Some 150,000 people, including President Chen Shui-bian, marched through the southern port city of Kaohsiung in pro-UN green shirts and waving flags. Political opposition forces in Taichung meanwhile marshalled at least 100,000 people.

''The biggest thing is for the United Nations and the United States to notice that this UN effort is not just something Chen Shui-bian is doing,'' said Kaohsiung demonstrator Wang Chun-kai, 35, a businessman from the nearby city of Tainan.

Government officials say they know the UN bid will fail, prompting speculation that the ruling Democratic Progressive Party (DPP) has used it to solidify a long-term agenda of greater independence from China by stirring anger at home.

The United Nations is expected to reject the bid on Tuesday.

''The UN bid, of course, has absolutely nothing to do with getting into the UN,'' said Ralph Cossa, president of the US-based think tank Pacific Forum CSIS.

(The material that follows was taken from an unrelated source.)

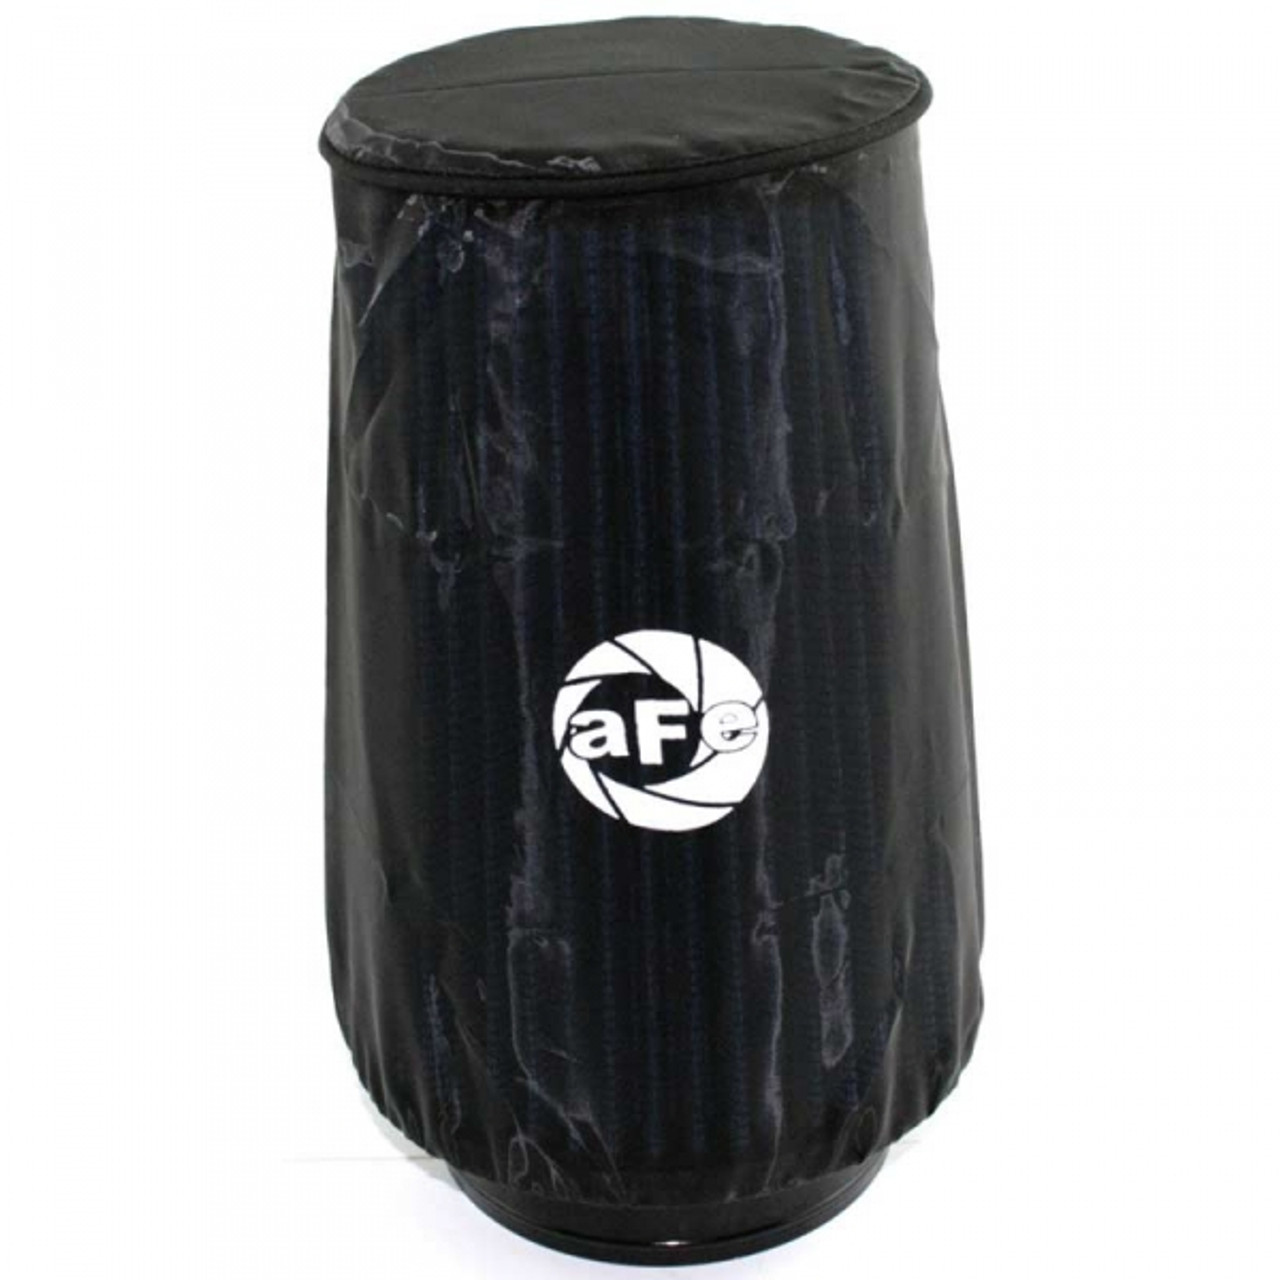 AFE Magnum Shield Pre Filter (Size 6"B x 4 3/4"T x 9"H) (AFE28-10013)-Main View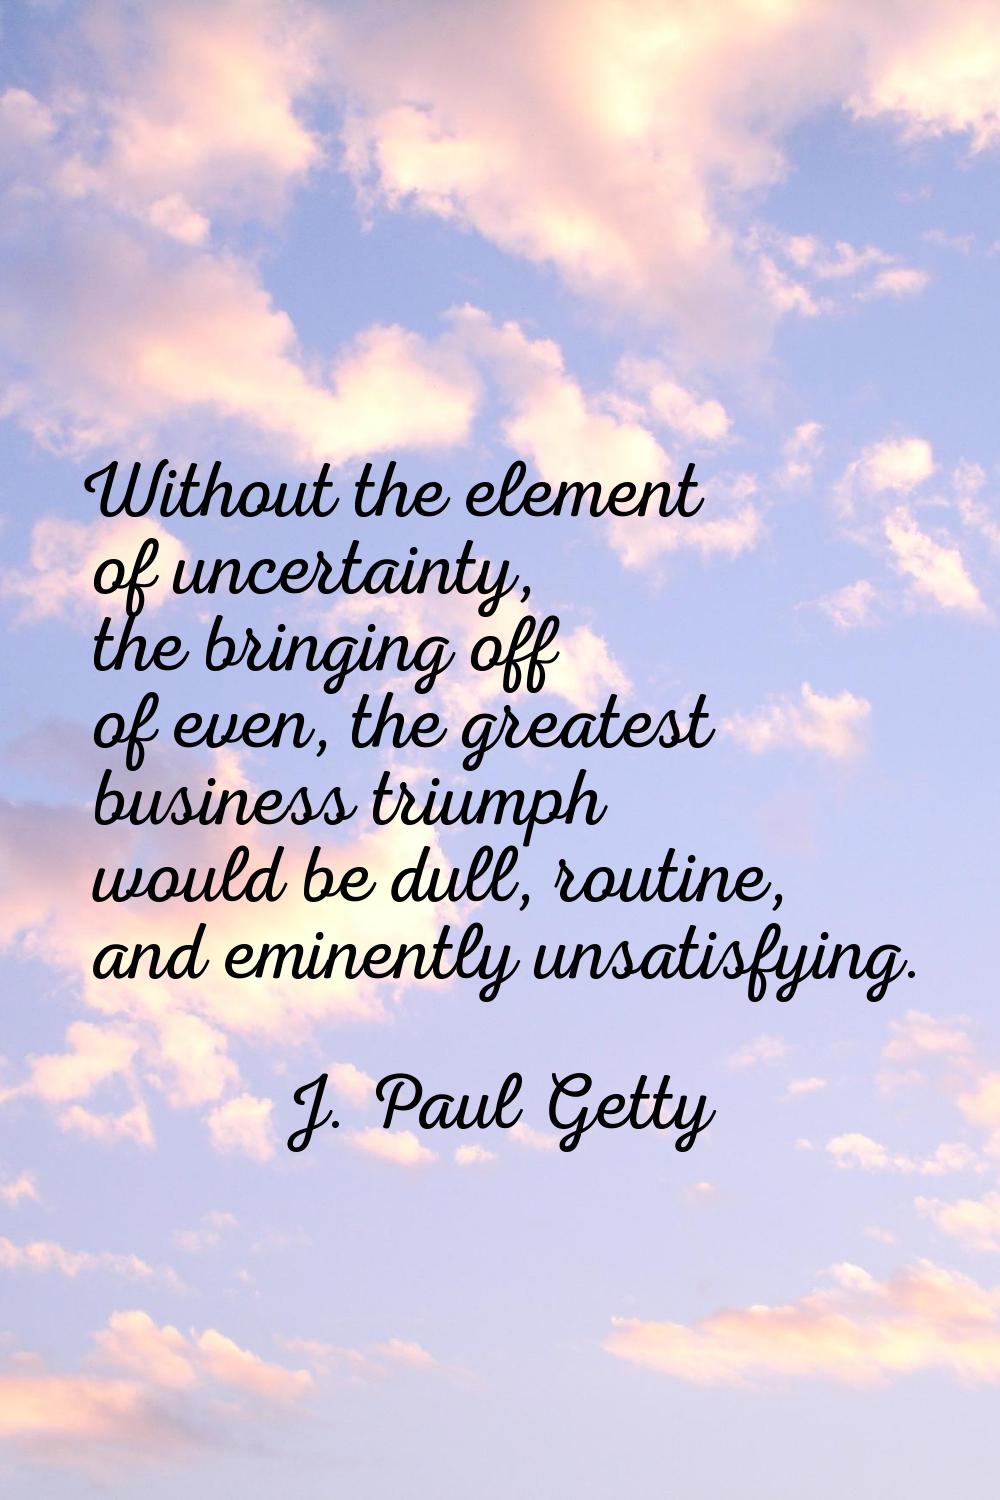 Without the element of uncertainty, the bringing off of even, the greatest business triumph would b

''I think it is mostly tied into the Taiwan identity issue and the DPP's efforts to lock future administrations into this mindset.'' The DPP plans to hold a referendum alongside Taiwan's presidential election next March on whether the island should seek UN membership as a new member under the name Taiwan.

The referendum, which has raised tensions between Taiwan and its key ally the United States as Washington seeks better China ties, is expected to pass if it makes the tough administrative grade of qualifying for the ballot.

Foreign powers will note the referendum, if it passes, but not waiver in their support for China, political analysts say.

China sounded off today. Shanghai, a likely target of Taiwan missiles in the event of conflict, held a major air raid drill, a sign China still views war as a possibility.

Repeated attempts by Taiwan to join the United Nations under its formal title, the Republic of China, have failed in the past decade, most recently in July. The United Nations ousted Taipei in favour of Beijing in 1971.

China's status as a veto-wielding member of the UN Security Council means the island stands no chance of entry.

China has seen self-ruled, democratic Taiwan as part of its territory rather than as a separate country since the island broke away from Mao Zedong's Communists after civil war in 1949.

For Washington, now increasingly engaged with Beijing on economic and regional security issues, the island is needlessly and dangerously provoking China by pressing for UN membership.